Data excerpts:
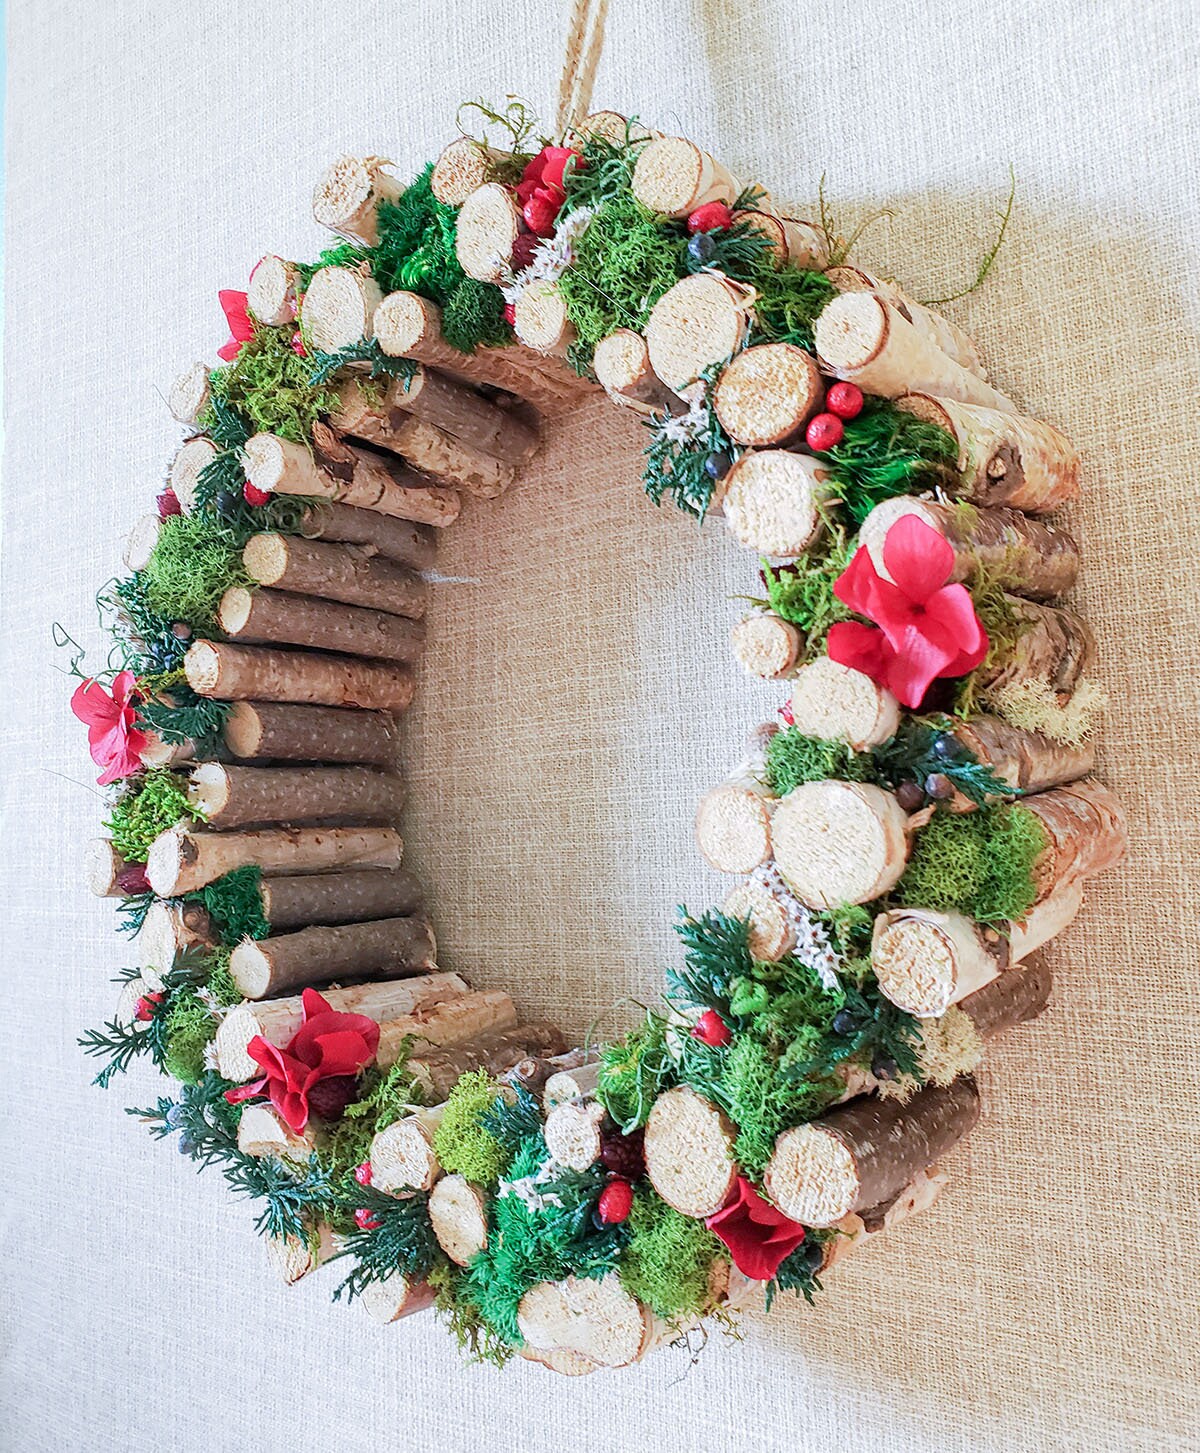 MOSS & BIRCH WREATH for Front Door or Wall Art Decor | Christmas Wreath | Moss Wall | Fresh Wreath | Fall Natural Wreath | Wooden Wreaths
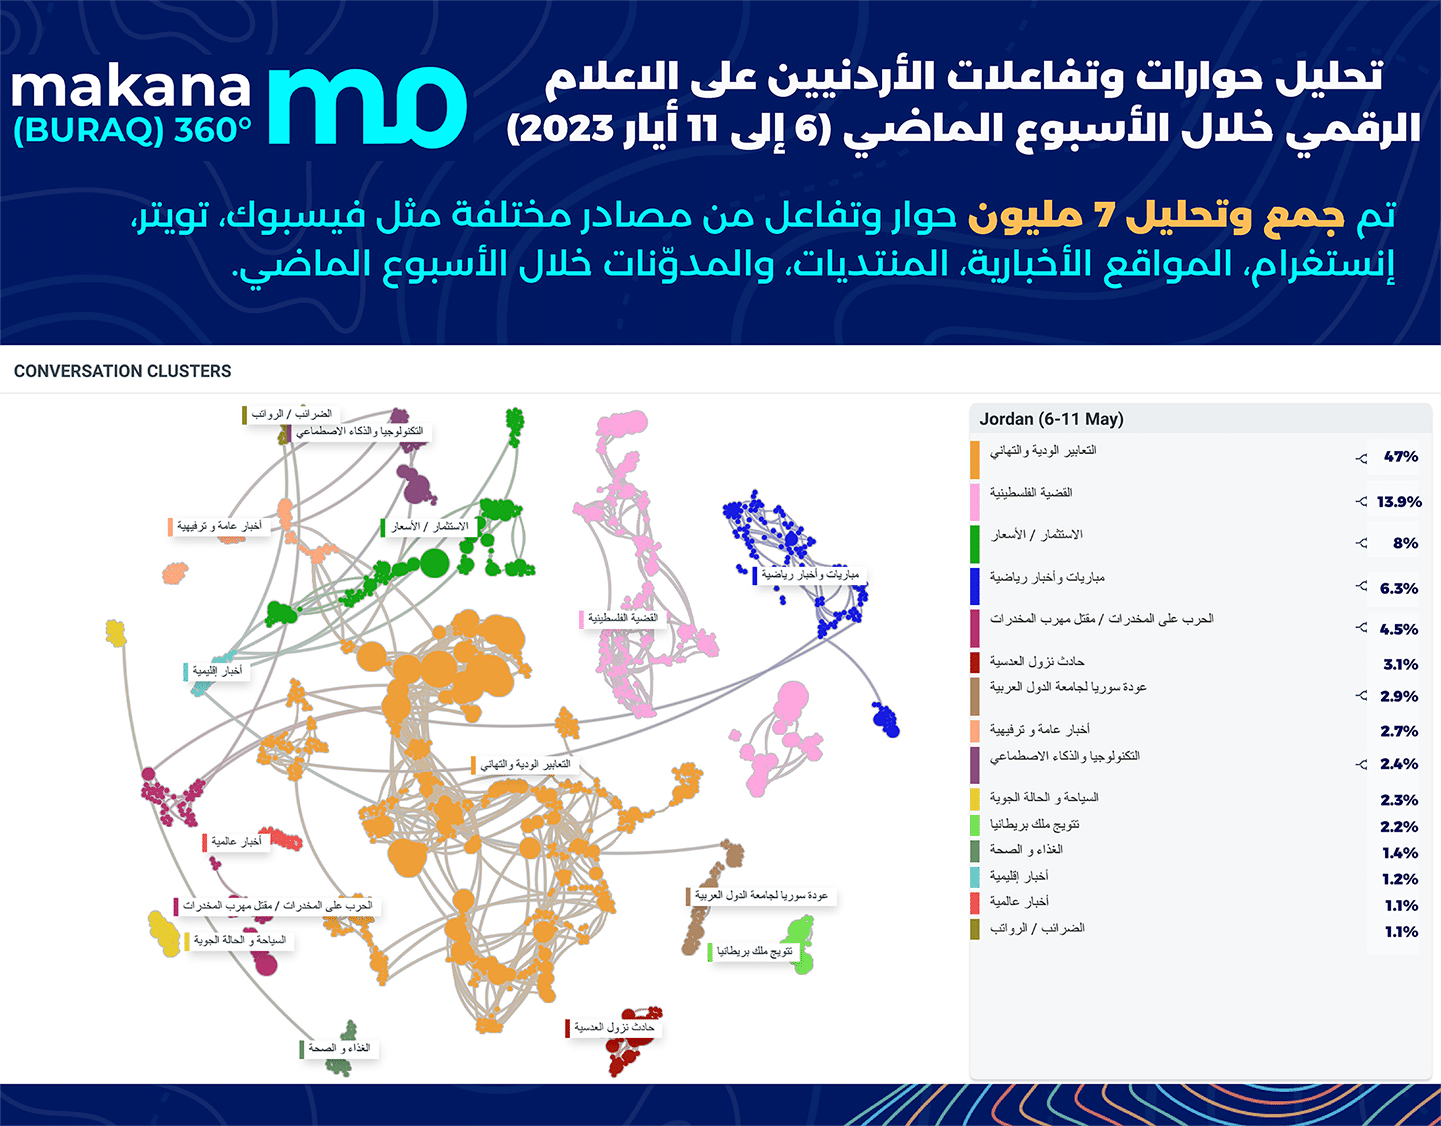 تحليل حوارات وتفاعالت الأردنيين على العالم الرقمي خلال الأسبوع الماضي( 6 الى 11 ايار 2023)
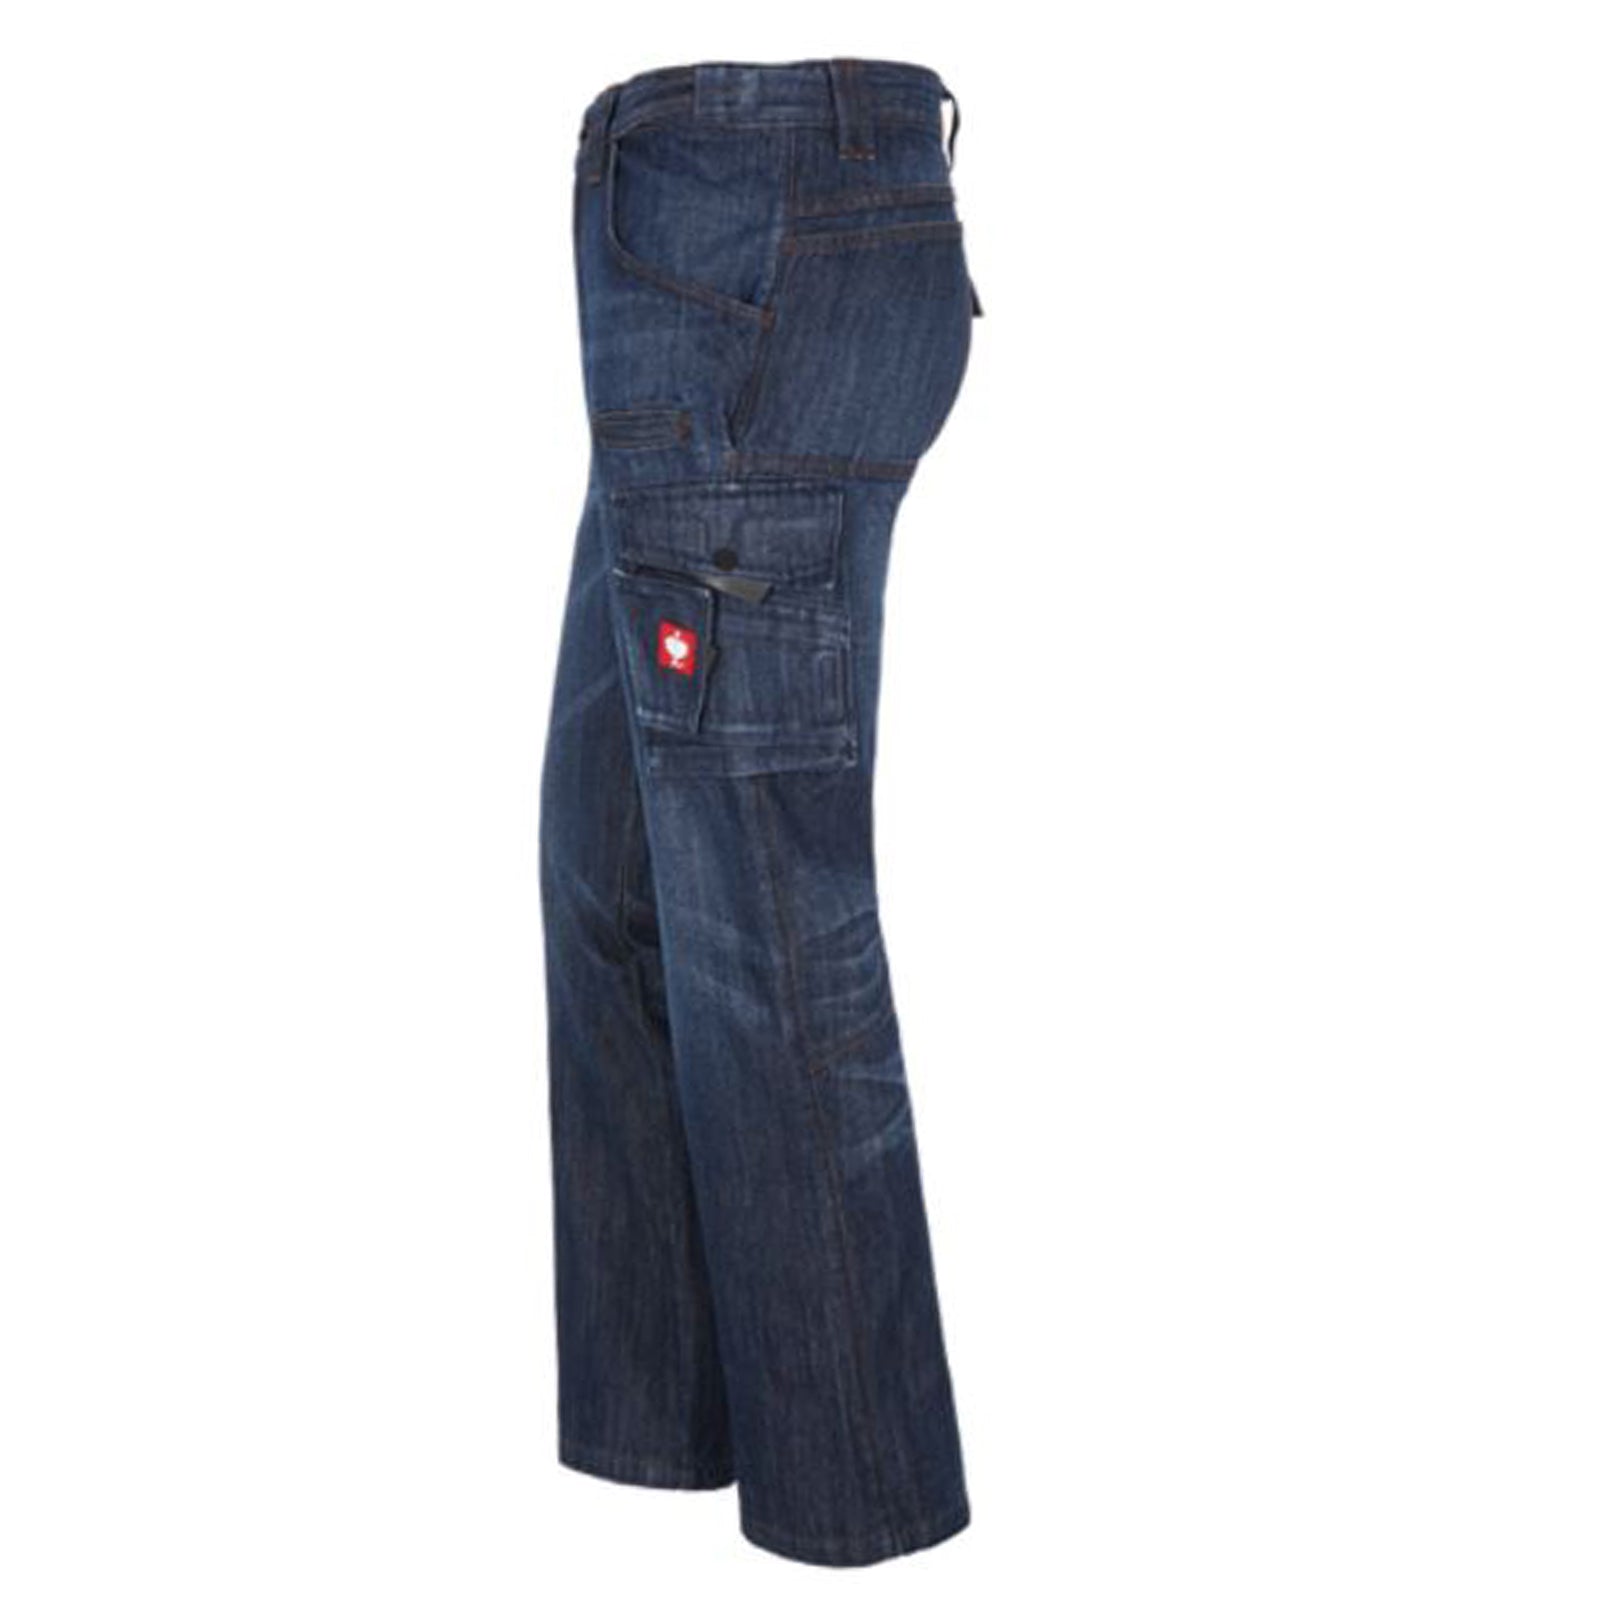 engelbert strauss e.s. Worker-Jeans Trousers Pants German Workwear
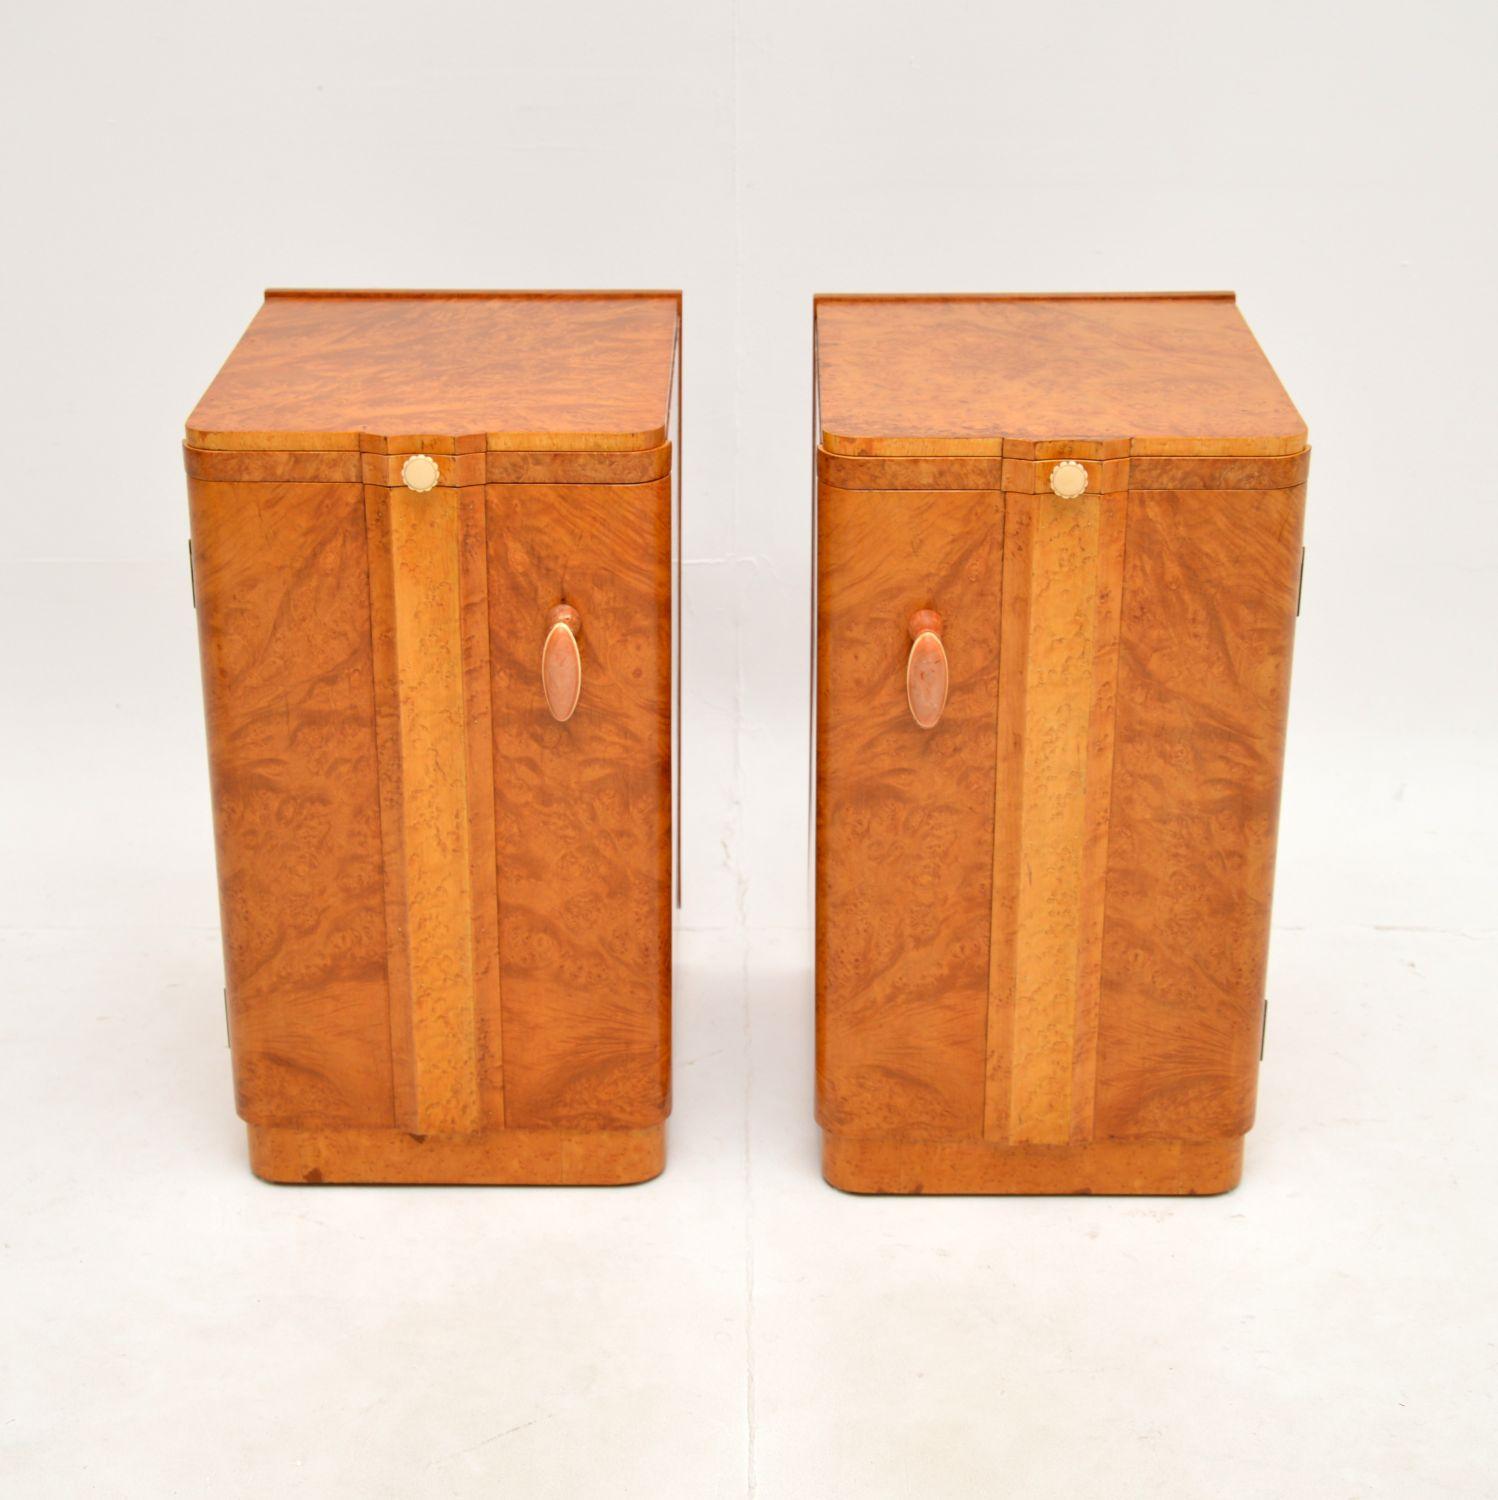 Ein atemberaubendes Paar Nachttische aus Wurzelnussholz im Art Deco-Stil. Sie stammen aus den 1920-30er Jahren und wurden in England von Epstein hergestellt.

Die Qualität ist hervorragend, sie sind wunderschön gestaltet und haben schöne originale

▶ [About this task]
Give back, word for word, the lines from the one with "تحليل حوارات وتفاعالت" to the end of the records above, and no pictures.

▶ [Exercise output]
 تحليل حوارات وتفاعالت الأردنيين على العالم الرقمي خلال الأسبوع الماضي( 6 الى 11 ايار 2023)
 engelbert strauss e.s. Worker-Jeans Trousers Pants German Workwear
 Ein atemberaubendes Paar Nachttische aus Wurzelnussholz im Art Deco-Stil. Sie stammen aus den 1920-30er Jahren und wurden in England von Epstein hergestellt.

Die Qualität ist hervorragend, sie sind wunderschön gestaltet und haben schöne originale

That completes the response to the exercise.